- **Requirement**: Transcribe the lines below verbatim, skipping the images.

::: Available data :::

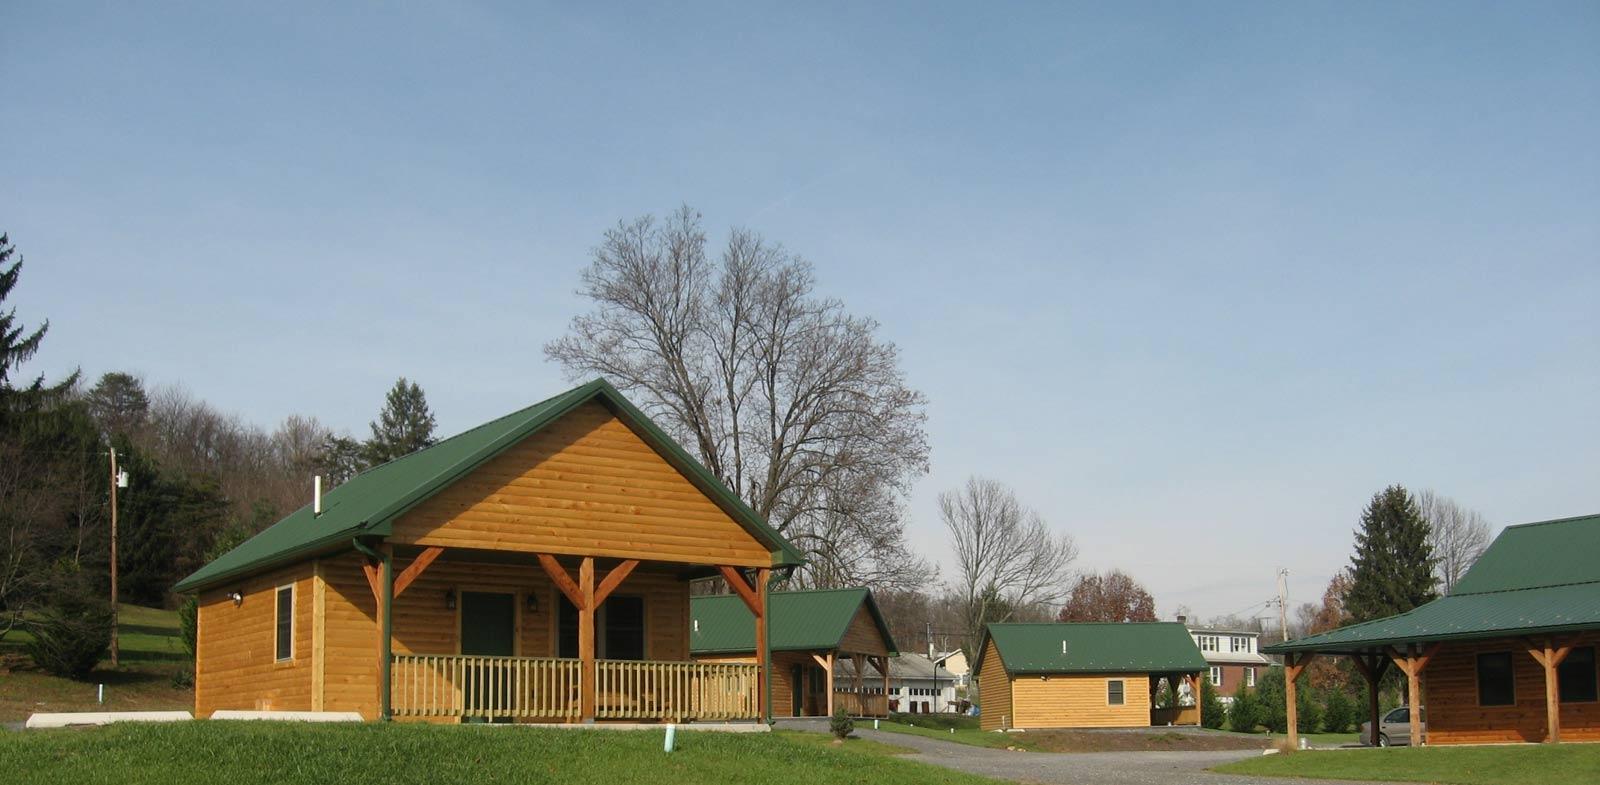 Three cabin exteriors
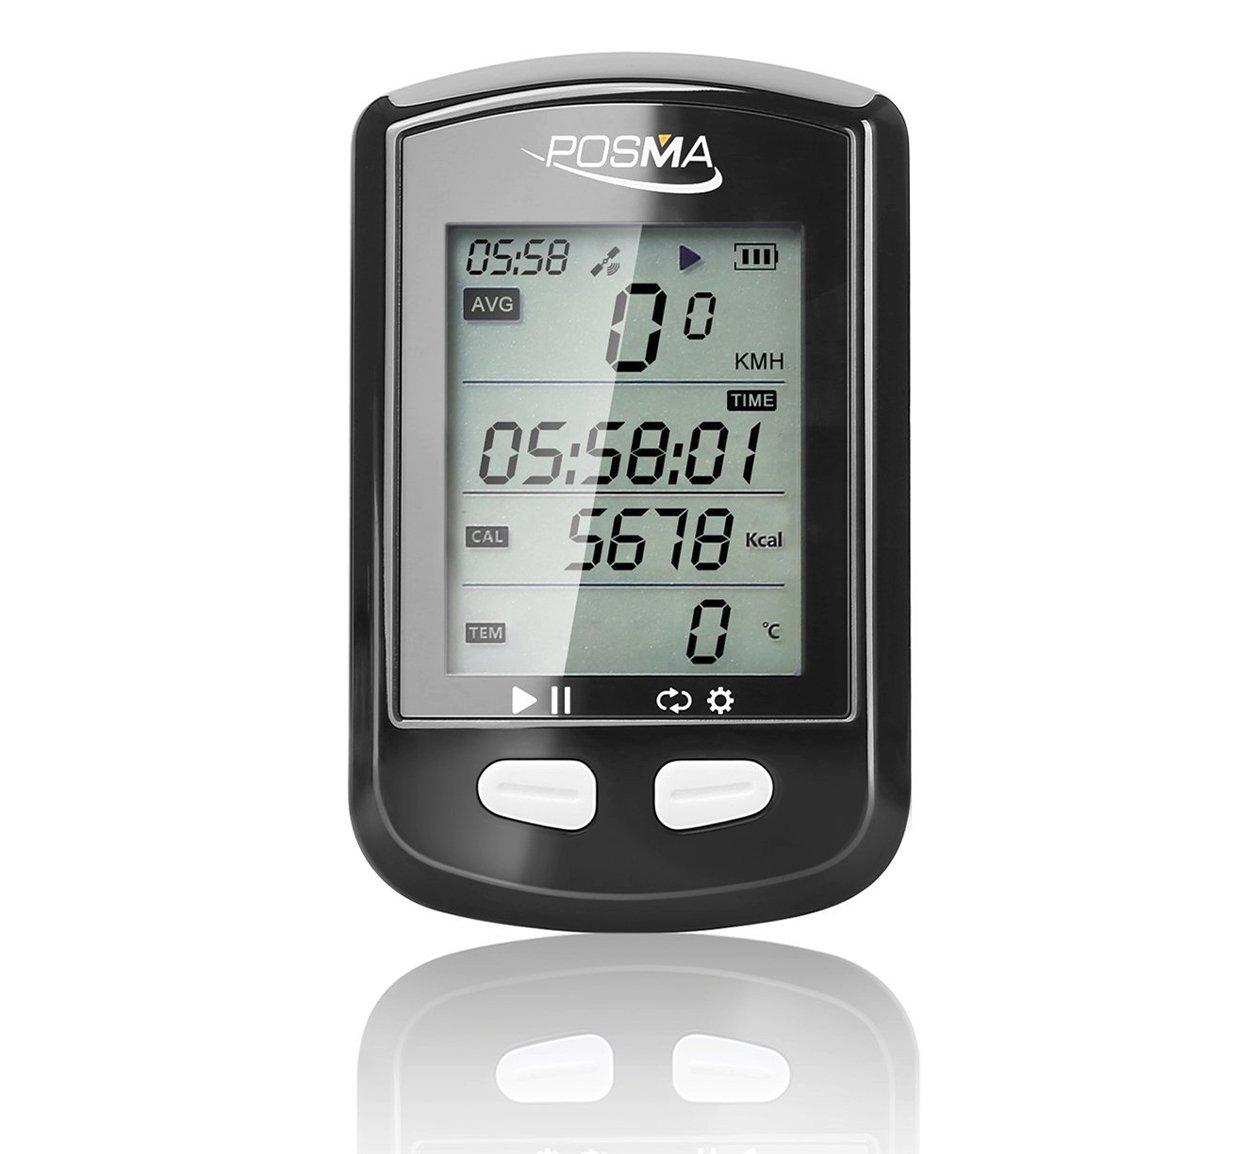 LYM POSMA DB2 GPS Cycling GPS Computer Speedometer Odometer Altimeter Calories, Wireless Cycle Bike Computer by LYM
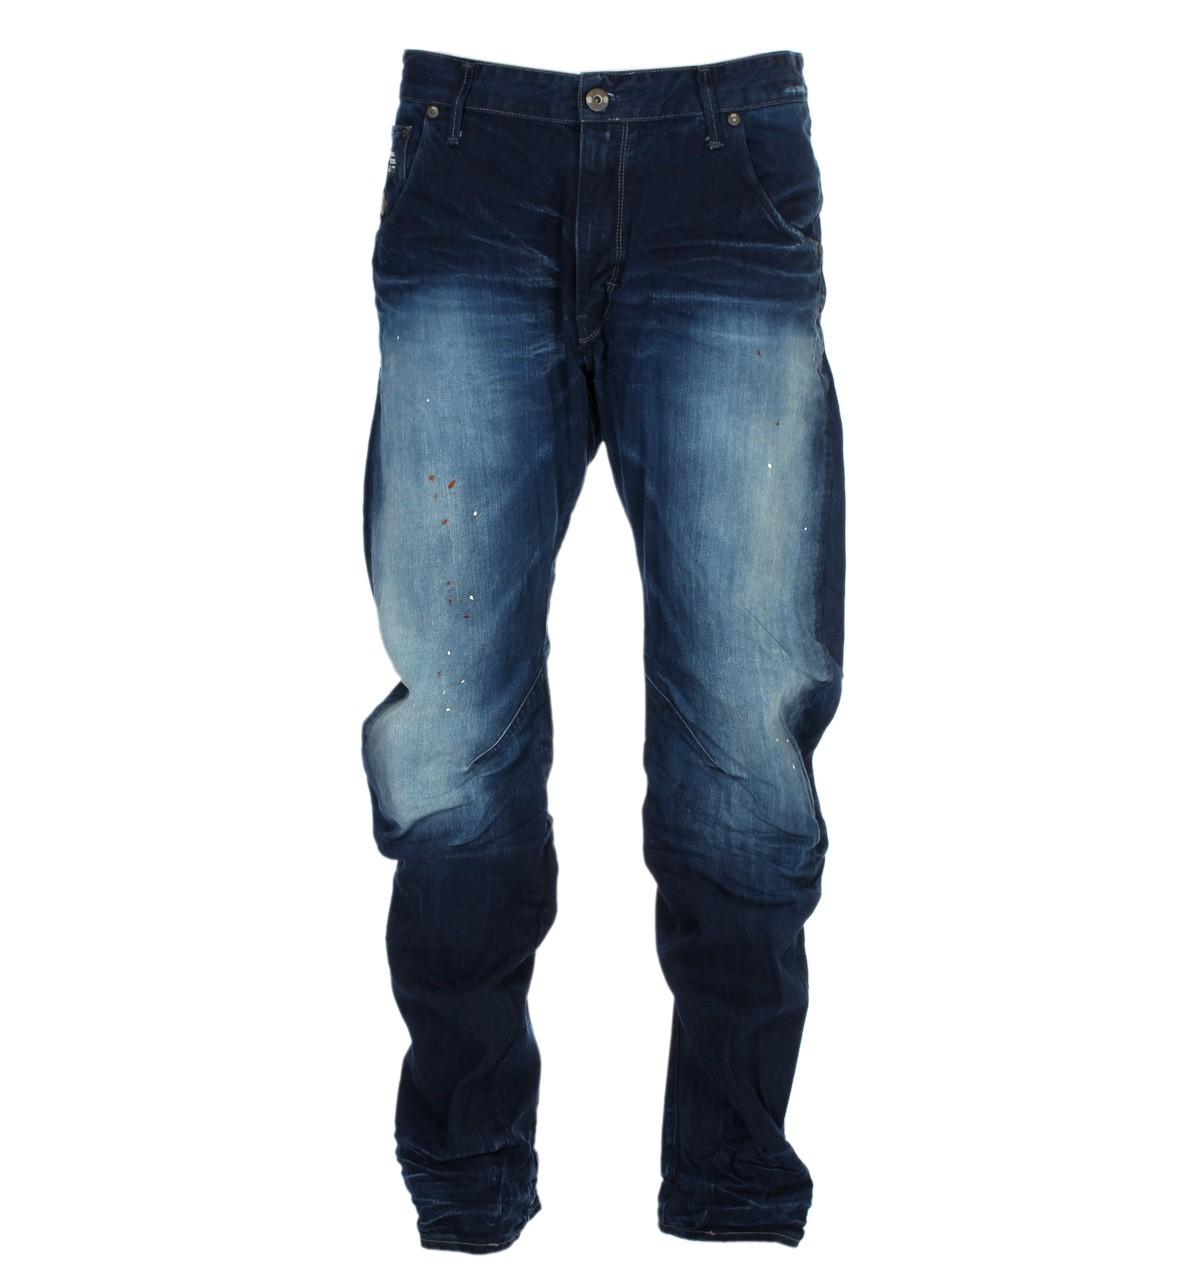 g star arc 3d loose tapered medium aged jeans pillar denim. Black Bedroom Furniture Sets. Home Design Ideas

:::

- **Task response**:
 Three cabin exteriors
 LYM POSMA DB2 GPS Cycling GPS Computer Speedometer Odometer Altimeter Calories, Wireless Cycle Bike Computer by LYM
 g star arc 3d loose tapered medium aged jeans pillar denim. Black Bedroom Furniture Sets. Home Design Ideas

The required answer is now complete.